For Sweden’s Anna Linner, a javelin coach who was employed full-time at the Gothenburg Athletics Association and also carrying out work for her national federation, her 2009 scholarship helped her to develop her self-belief as she embraced new roles in the sport.

“I took on a national team leader role more or less at the same time as I won the scholarship and it made me feel more confident and good about myself and feel comfortable to take things on,” she comments. “I have a good work position where I have been allowed to develop with time and to take on bigger and bigger things and projects.”

Travel opportunities and the opportunity to exchange views with those from different cultures also formed key aspects of the programme, which Linner readily acknowledges.

“In 2010 I got the opportunity to go to Evian, France, in January with five other women from Sweden and then in July to the Young Leaders Forum in Barcelona. I like and appreciate the networking; finding people with other ideas and thoughts and the possibility to connect and get inspired by people I would not meet by myself in that kind of way.

“Also, I had been a volunteer at the first Young Leaders Forum, in Gothenburg in 2006, and it was fun to see what Barcelona did with the concept.”

Like Linner, Aysegul Baklaci, a former Turkish international athlete who works as a co-ordinator at a multi-sports club in Istanbul, found the seminar in Evian a worthwhile experience, but saw the whole scholarship programme as vital in her development as a leader in sport, partly as an outlet through which she could use the skills that she already possessed, but had not yet had the opportunity to demonstrate at home.

“It provided me with opportunities to demonstrate my leadership characteristics,” she confirms. “After the programme, I took part in the 2012 European Athletics Championships and 2013 European Athletics Junior Championships as a team leader. At the 2012 London Olympics, the 2013 European Athletics Indoor Championships and the recent World Championships I was a commentator for our national channel, TRT, the most watched in our country.”

Another former athlete, Poland’s Aneta Kazcmarek, shares the view that the Future Women Leaders scholarships provide vital opportunities for women to develop their contacts list.

“I enjoyed sharing new ideas, making new friends and networking and the workshops gave me the opportunity to debate, share practices and good examples of other people's involvement within athletics. I will definitely implement what I’ve learned in my work for our federation and my life in general.”

While the European Athletics Future Women Leaders programme is about assisting individual women identified by their federations as potential leaders with their personal development, the ultimate aim is to compliment the successful European Athletics Women’s Leadership Awards with a new approach to changing the gender balance in the sport’s leadership.
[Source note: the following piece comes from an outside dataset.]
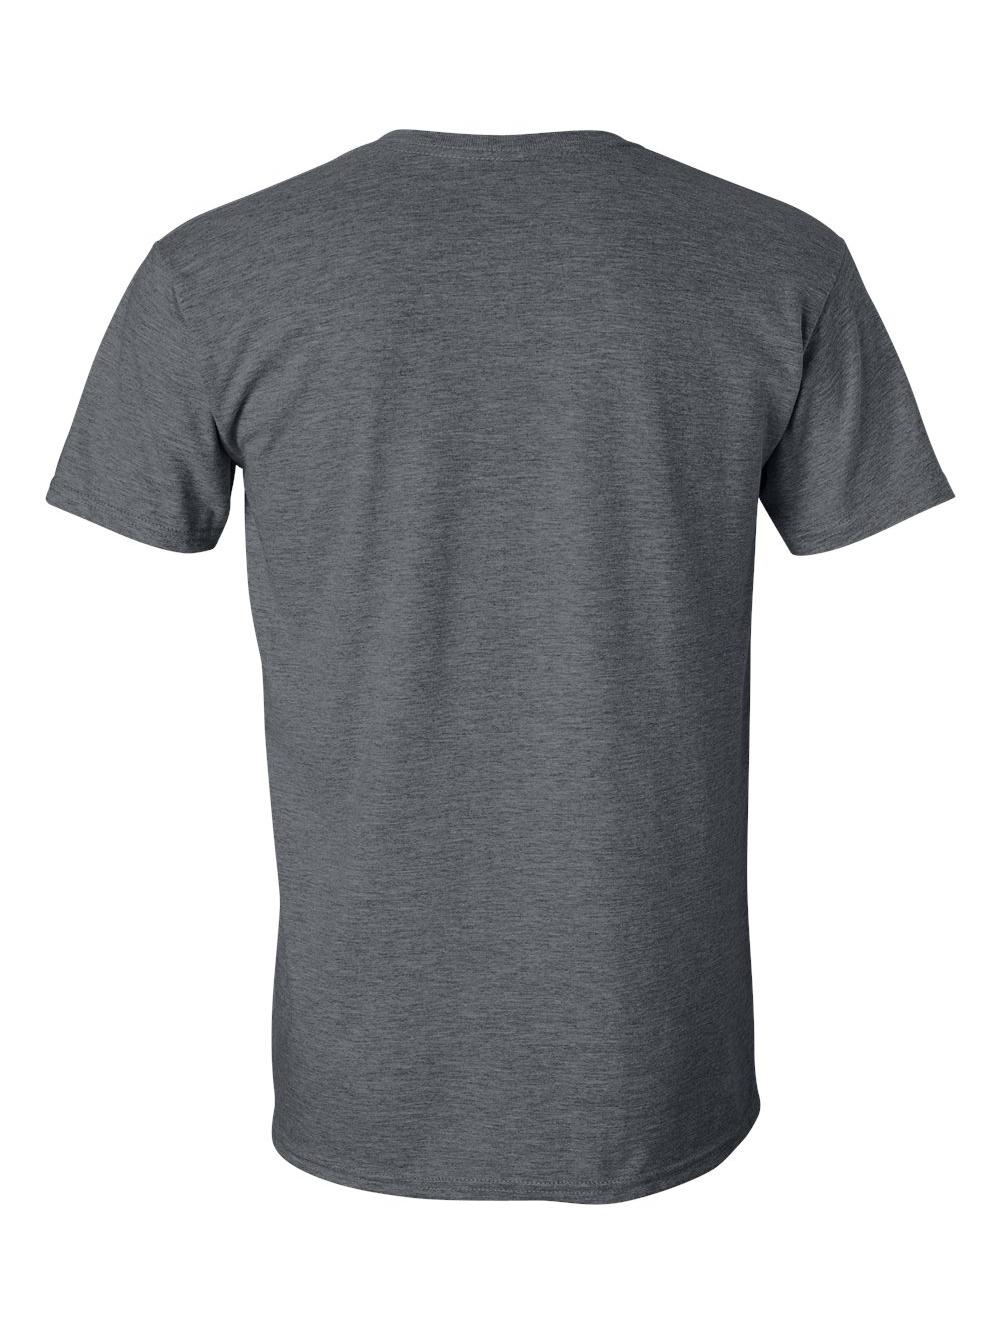 Gildan-Softstyle-T-Shirt-64000 thumbnail 49

In addition to becoming leaders at local or national level themselves, each of this year’s trio of recipients is expected to share their experiences with other ambitious young people through the European Athletics Young Leaders Community website and Facebook page in the hope of increasing awareness of the issues involved in gender equity and generate new ideas for addressing them.

As Anna Linner says, “The [scholarship] programme showed me that we as a sport still have a long way to go when it comes to men and women being equal. It will take at least another 40 years if we follow the same pace as we have for the last 50!”